Last week, a well-respected defense lawyer told one of our lawyers they possessed the Maryland Trial Lawyers Association’s “Handbook,” which spells out the terms for a defense requested medical examination. This “Handbook” has made its way into a Motion to Compel a Physical Examination, specifically including this “MTLA Handbook” as an exhibit to the motion. By this inclusion, I assume this is an authoritative source of legal guidance for the court on this discovery matter.

Now back to reality. Maryland Trial Lawyers Association does not have a “Handbook” on defense medical exams. Instead, it is just a copy of the link from our website setting forth our suggested conditions for a defense medical exam. Which we don’t even use anymore!

I think it is funny that this is being represented as some guide to fighting medical exams. I am glad people are using the Maryland Personal Injury Lawyer Help Center. My partner told me last week that a defense lawyer she spoke to said they often get motions from other lawyers copying our sample motions. The lawyer said they call them “Miller & Zois” motions.

We are handling a red light/green light auto accident case that occurred in Towson, Maryland a few years ago that resulted in substantial permanent injuries to our client. Trial is a few months away. The insurance company for the Defendant is the Maryland Automobile Insurance Fund (MAIF). Their attorneys recently moved to bifurcate the trial into two separate trials for liability and damages.

The Defendant’s attorneys would not seem to benefit if the case is bifurcated. Their concerns–the cost and effort of the liability case–is of no consequence to their client. So, practically, why was this motion filed?

If the case is bifurcated, the chance of a bad faith claim against MAIF evaporates; it would offer its $100,000 (a large policy for MAIF, parenthetically) policy limit in the event Plaintiff prevailed on liability because, as Defendant’s motion tacitly concedes, this case’s value exceeds MAIF’s coverage. While bifurcation would be a loss for Plaintiff, it would also be a loss for the insured Defendant who will lose any leverage that he has to encourage MAIF to settle or any claim he has against them for bad faith should they not make reasonable efforts to settle. Should the case be bifurcated and Plaintiff prevails on liability, Plaintiff will proceed on with the damages trial that will probably result in an excess verdict. This would leave MAIF in fine shape, fully insulated from a bad faith claim and protected from allegations it failed to properly defend their insured by, for example, having a defense medical examination performed on the Plaintiff. The defendant would be left holding the bag.

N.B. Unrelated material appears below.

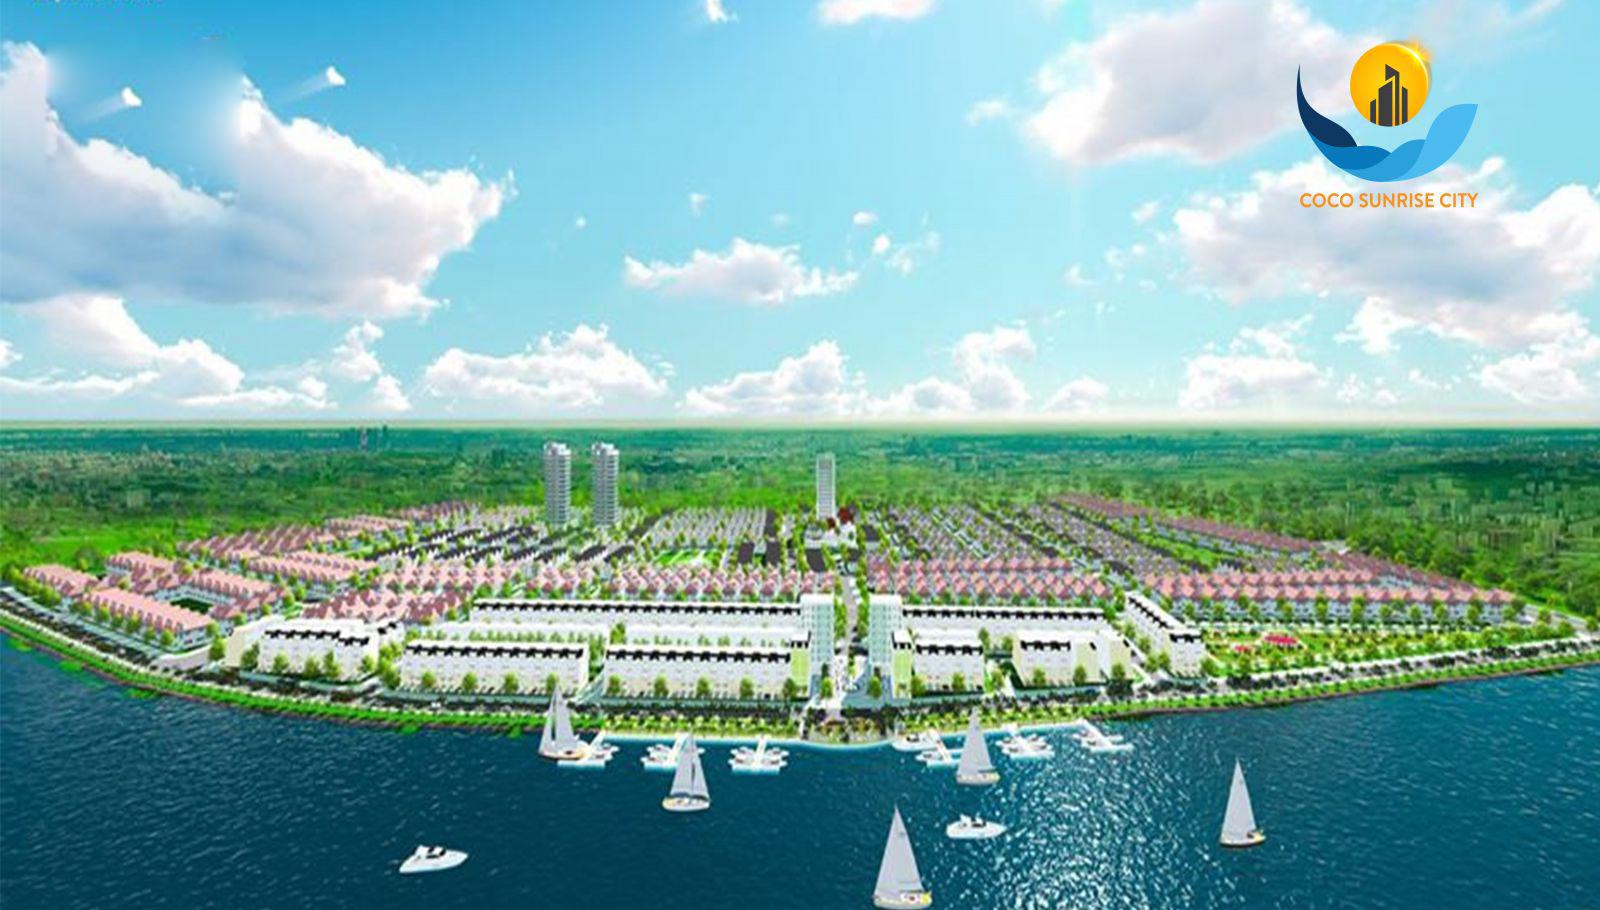 Dự án khu đô thị Coco Sunrise City - Ảnh 1 (1)

Goal number one when your client is giving a deposition is to do no harm.

The greatest harm your client can do in almost any personal injury case in his/her deposition is to get caught in a lie. Clients are most prone to “lie” about prior car accidents because they genuinely do not remember them. But a smart insurance company lawyer may turn an innocent failure to recall into a litmus test on the client’s credibility. As much as we as personal injury lawyers like to make the cases about ourselves – particularly when we get a great verdict, we all do it – the importance of our credibility/likability is a distant second to the importance to that of our client.

How can you solve the problem? Obviously, a good attorney spends time before the deposition discussing the issue with the client, explaining in very direct terms that prior medical history or claims history will be uncovered by any competent defense attorney or adjuster with access to a computer and/or the medical records. But, again, in some circumstances, the client may not remember whether they were injured on the job or made a claim for a car accident in which it involved them.